Altior, a winner of all 12 his races over jumps, has long been odds-on to lift the two-mile championship crown that has seemed his destiny since winning the Supreme Novices’ here two years ago.
Then came the bombshell announcement that the two-time Festival winner was lame and required a poultice to draw pus from a foot, sparking a dramatic drift in the betting.
Trainer Nicky Henderson – seeking another championship prize after Buveur D’Air’s Champion Hurdle win on Tuesday – insists he now has ‘no concerns’ and these type of injuries are common place with horses. However, it’s enough to make you jittery.
“He’s fine and 100 per cent sound,” said Henderson, when asked about his star charge.
“It won’t impact on his performance in any way whatsoever, unless it goes backwards again. He’s fit and hasn’t missed any work.
“The conditions are definitely not a positive because we’ve always thought he’s a better horse on better ground.
“That said, he has won the last two Game Spirits on very soft ground at a time when we had massive concerns and took him to Newbury only because he had to have a run.”

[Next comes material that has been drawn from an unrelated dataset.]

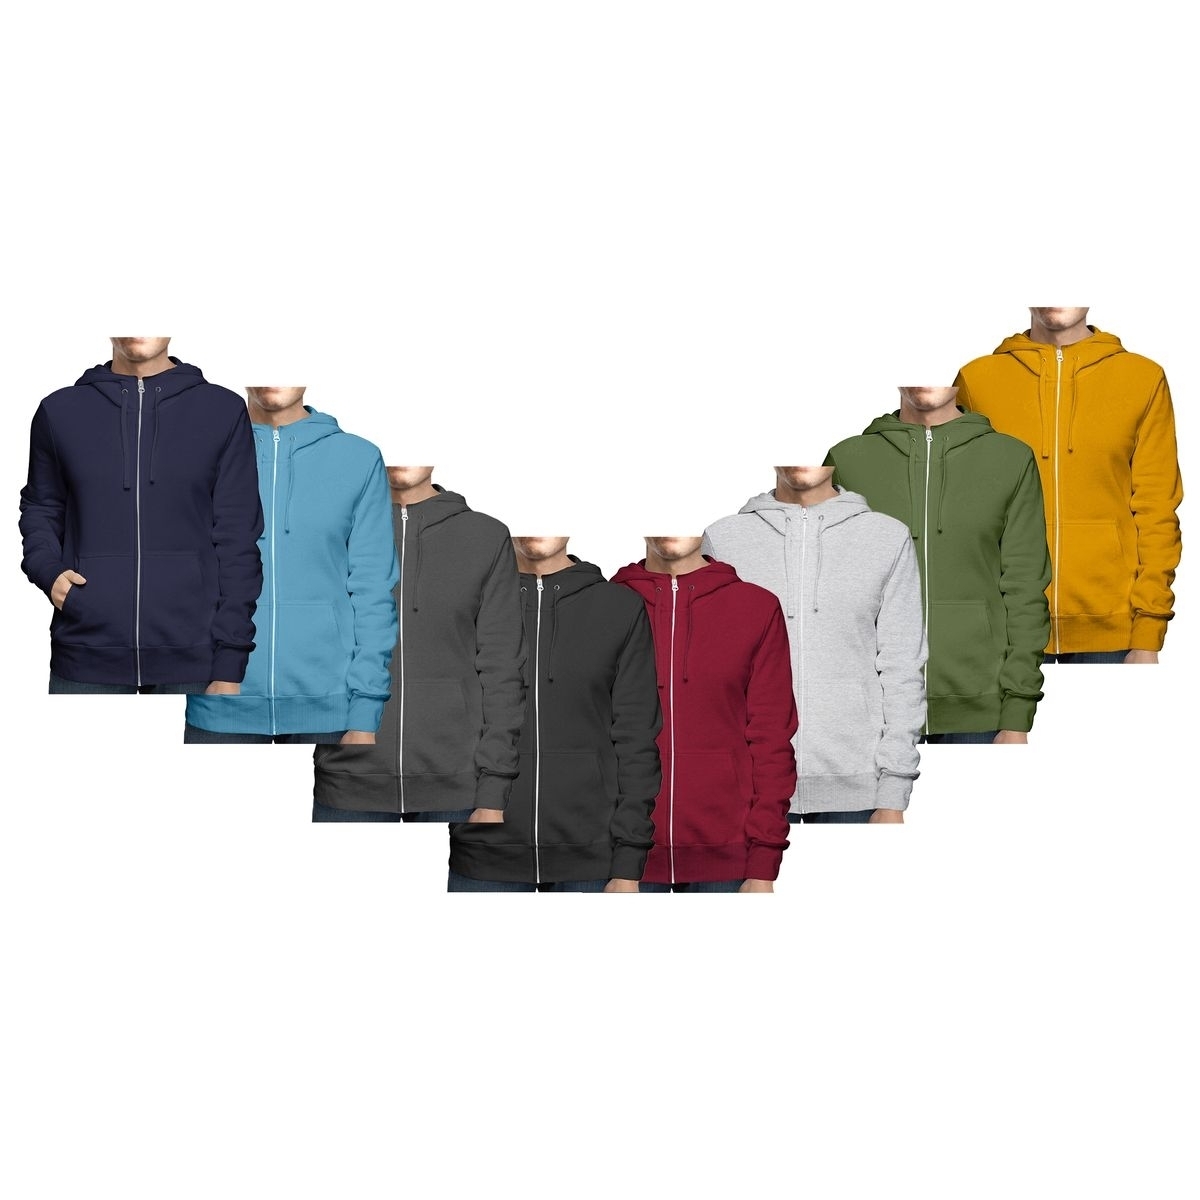 Men's Winter Warm Cozy Full Zip-Up Fleece Lined Soft Hoodie Sweatshirt - Black, Large

And then there is Douvan, who has hokey-cokeyed in and out of this race in recent days – his connections taking indecision to new levels and hardly inspiring bullish confidence, even among a legion of fans who think he can do no wrong.
Douvan matches his rival’s profile, with Festival wins in the Supreme Novices’ and Arkle. But he hasn’t run since last year’s distant seventh – his only chasing defeat – in this same race, when he was sent off as odds-on favourite and spectacularly imploded under the glare of anticipation.
However, Ruby Walsh, fresh from two wins on the Festival’s opening day, has still chosen to ride him over Min, who won impressively last time and looks to be a more credible challenger to Henderson’s charge.
“Is he at his very best? We don’t know because we haven’t run him this year. I think he’s in good form at home. I like the way he looks, there’s plenty of bounce and spark about him,” said Walsh.
“I don’t think Min has as much chance of beating Altior but Douvan at his very best certainly could.
“I always thought he was a talented horse. It would be great if he could bounce out here and go and beat Altior.”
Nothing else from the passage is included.